Pathway enrichment analysis for biological functions using eQTL
Complex diseases are believed to be polygenic, meaning the genetic susceptibility is attributable to many genetic loci and each locus may only have a moderate effect size. However, as the genetic loci likely act on several common pathways that collectively contribute to disease etiology, the application of pathway and network analyses are powerful approaches that can reveal the common biological processes underlying complex diseases. Typically, such analyses are limited in scope to either focus on gene transcripts associated with disease or GWAS-identified disease-associated SNPs. By applying pathway enrichment analysis on the identified placental eQTLs, we are able to empirically bridge the link between GWAS loci, the associated variability in genes, perturbed tissue-specific biologic processes and ultimate disease. Herein, we showcase this added utility of eQTL enrichment analyses using Asthma and CD disease endpoints as examples. Herein, eQTLs serve as an empirical ‘bridge’ between GWAS SNPs and gene/transcripts under influence and disease, and enable us to empirically link GWAS loci to genes and carry out pathway enrichment test (see Materials and Methods). We intersected each SNP set with the placental eQTLs to identify genes influenced by the SNP set in placenta. In detail, 117 genes were affected by asthma-associated SNPs (GWAS P value ≤0.01), and 237 genes were affect by CD-associated SNPs (GWAS P value ≤0.01). Afterwards, the resulting genes were tested for enrichment in pathways and biological processes.
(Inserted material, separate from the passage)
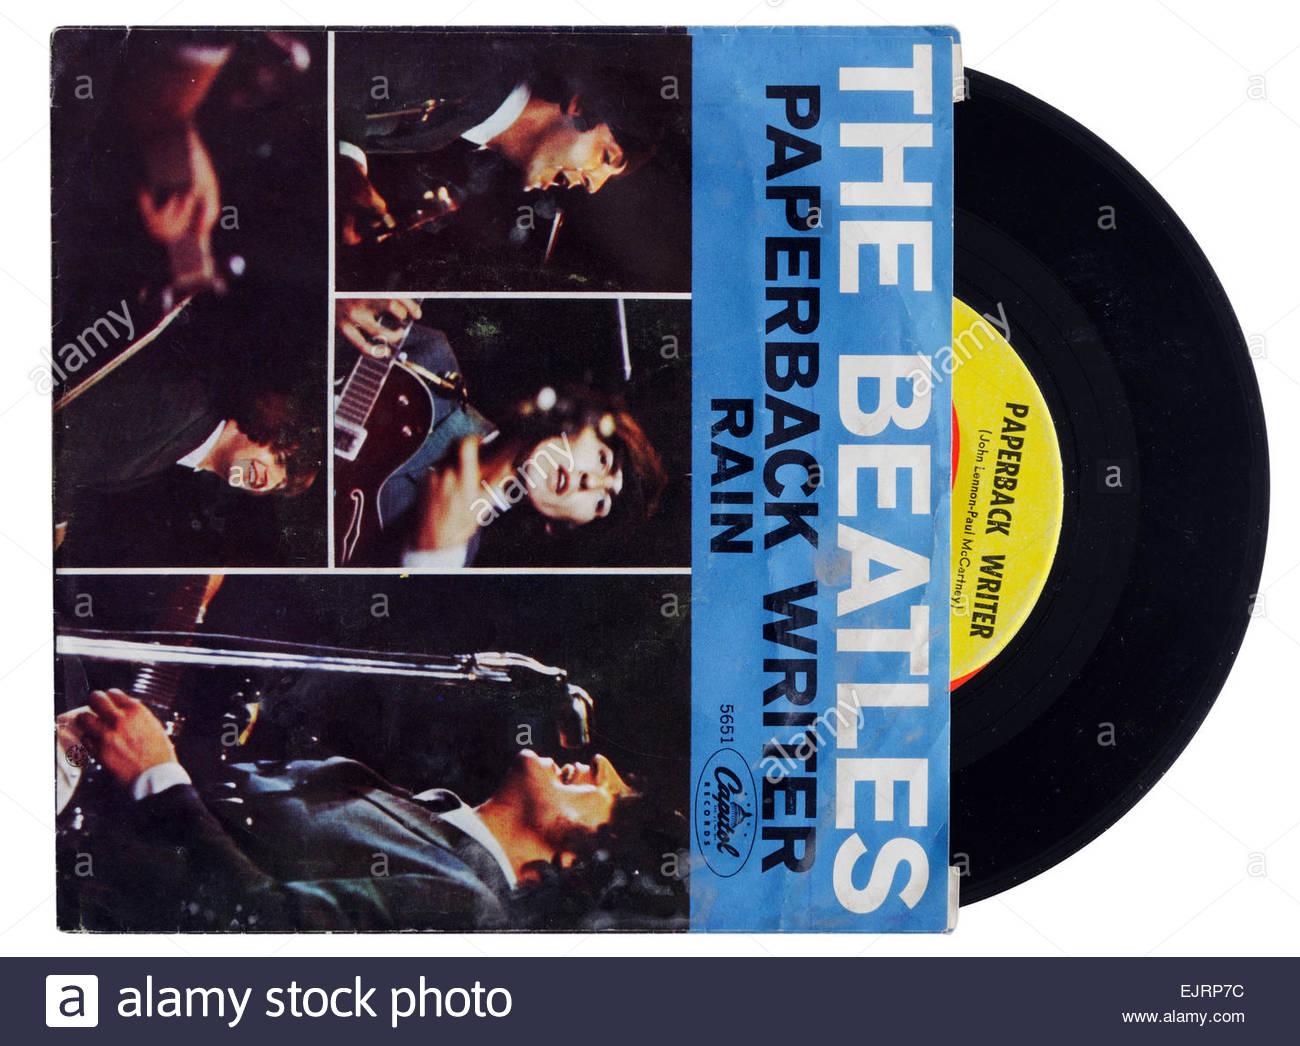 Beatles Paperback Writer single - Stock Image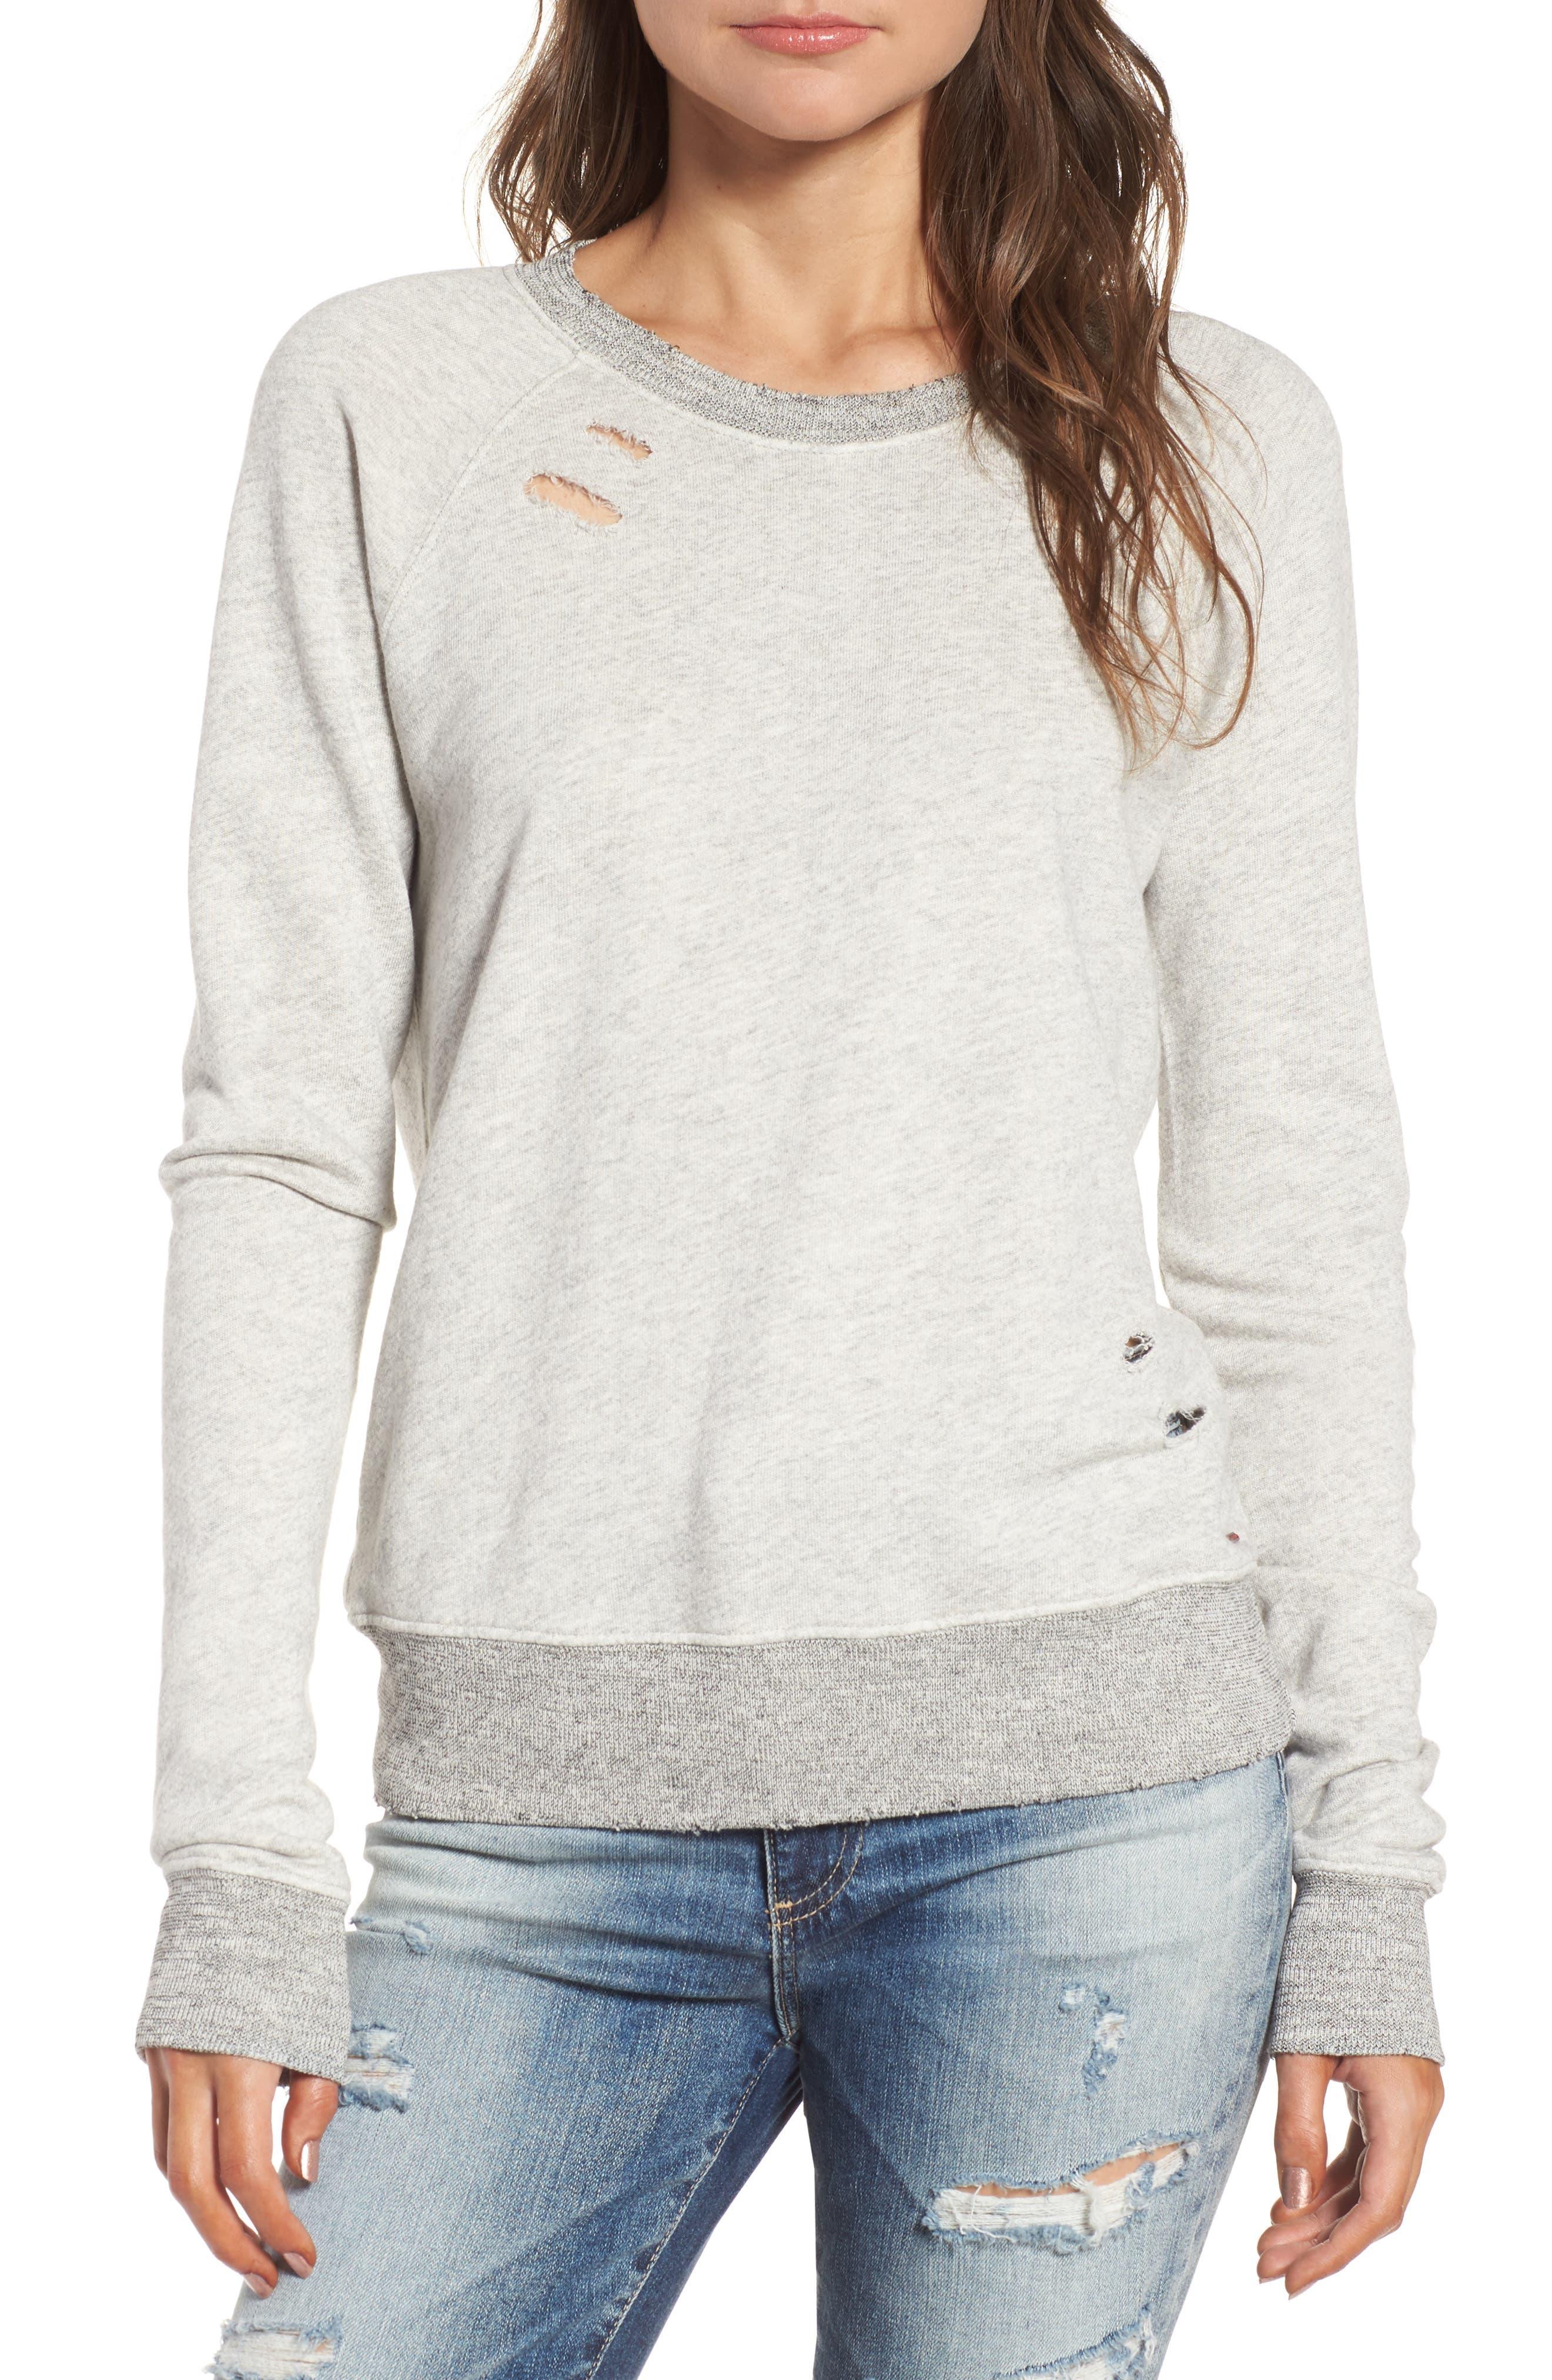 Belize Deconstructed Sweatshirt,                             Main thumbnail 1, color,                             030

Pathways related to immune function were enriched in both asthma and CD gene sets (Fig. 5). For example, asthma gene set were enriched for SLE genetic marker-specific pathways in T-cell and G-protein mediated P38 and JNK signaling (Fig. 5A); and CD gene set was enriched for IL-12 signaling pathway (Fig. 5B).
Discussion
The intrauterine developmental period represents a critical window of susceptibility to a myriad of environmental exposures and conditions with potentially lifelong impacts on health and disease. The placenta is the first complex fetal organ to form during development. Once developed it serves as the source of fetal nutrients, water, gas exchange, excretion and immune regulation. These effects are modulated by simultaneous production of many pregnancy-related hormones, proteins and growth factors thereby fulfilling a critical role in proper intrauterine development. In order to perform this multitude of functions, the placenta must regulate a complex series of molecular pathways. These genes and pathways can be perturbed by environmental insults or genetic polymorphisms and such alterations can lead to important effects on fetal growth and health outcome.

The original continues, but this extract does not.